Sorry for the hijack; back to Watchmen! Go Watchmen!

Huh? I understand that the guy who WROTE the disturbing pirate stories also came up with the scenario that killed half of New York. But where is it implied that the pirate stories themselves are what was broadcast into the minds of those killed?

Ah yeah Black Hole is amazing as well. I must reread that sometime. Burns’ older Hardboiled Defective Stories is pretty good too. I wasn’t aware of the specific distinction between comics and comix, just thought it was alternate spelling.

I liked the pirates/newstand subplot.

I also don’t see a movie doing it justice - speaking as someone who’se seen LoEG/From Hell and seeing where Alan is coming from.

So let’s have your take on it. How does the pirate story fit into the entire point?
I loved Watchmen. I should read it again.

Great news!
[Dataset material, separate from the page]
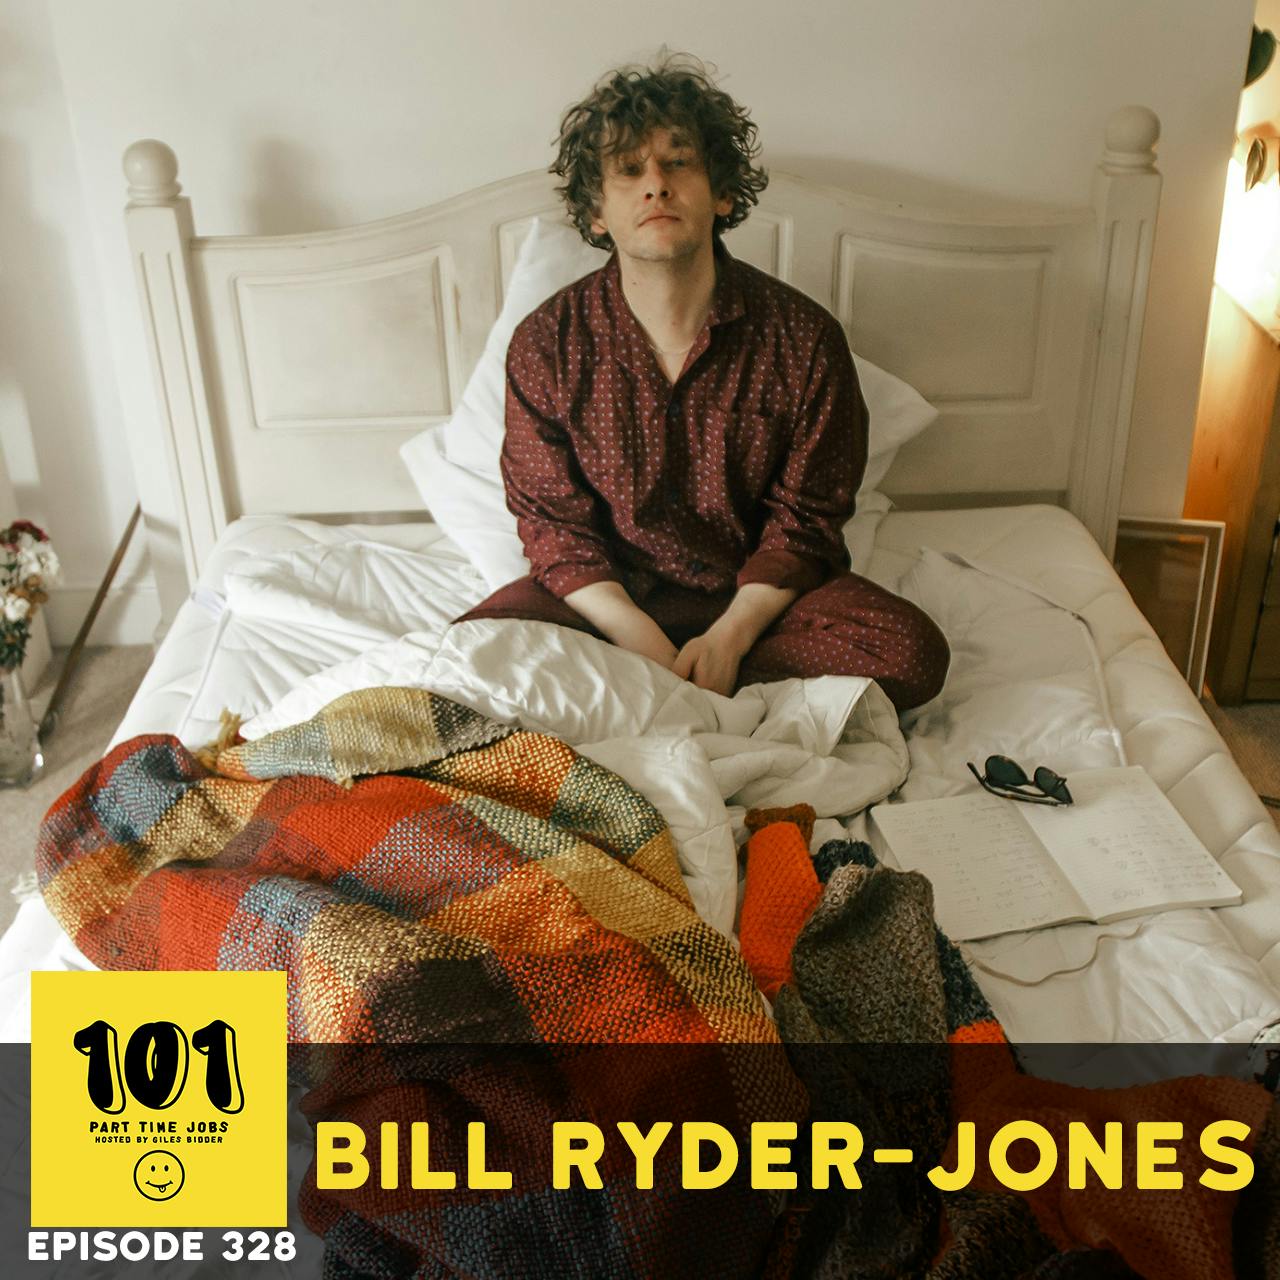 Bill Ryder-Jones - ”Don’t need much”

The pirate story, “Tales of the Black Freighter,” won’t be part of the Watchmen movie, BUT it will be animated and included on the eventual Watchmen DVD, with Gerard Butler doing the main character’s voice: http://www.empireonline.com/news/story.asp?NID=22088

Oh, and I agree with TLDRIDKJKLOLFTW. I used to hate the pirate story because it took me so far out of the main narrative, but when I reread it more recently, I realized how important it is, because it reflects the actions taken by Ozymandias.

Fearful symmetry, if you will.

Yes, and he makes a remark to Dr Manhattan in their final interview that echoes the last frame of the pirate comic (as you, obviously, already knew).

The actors in their costumes have finally been revealed:

http://rss.warnerbros.com/watchmen/

Wow! That is amazingly good. Fingers crossed…

How many here think Don Quixote is a Great Book? Well, it is a parody, too, and what’s more it parodizes works so far out of the mainstream you’d have a difficult time finding them in bookstores today. However, it rises or falls on its own merits regardless of how many people are really familiar with the things it was written to take the piss out of. Watchmen is easily a Don Quixote.

I read it as a collection too, and I agree, if I had one chapter to pore over for a month, I might have taken it in more.

It does sound like Zack Snyder and his crew have the right attitude about the work. Think I’ll reread the graphic novel. (I wonder – will Dr. Manhattan be nude, blue penis and all? Always seemed like a great visual way to show that, as the only character with actual superpowers, he’s not bound by human rules and conventions.)

I’m hoping that’s supposed to be them in their prime and not how they appear as the main story…

No pics of Dr Manhattan in “costume”? Disappointing.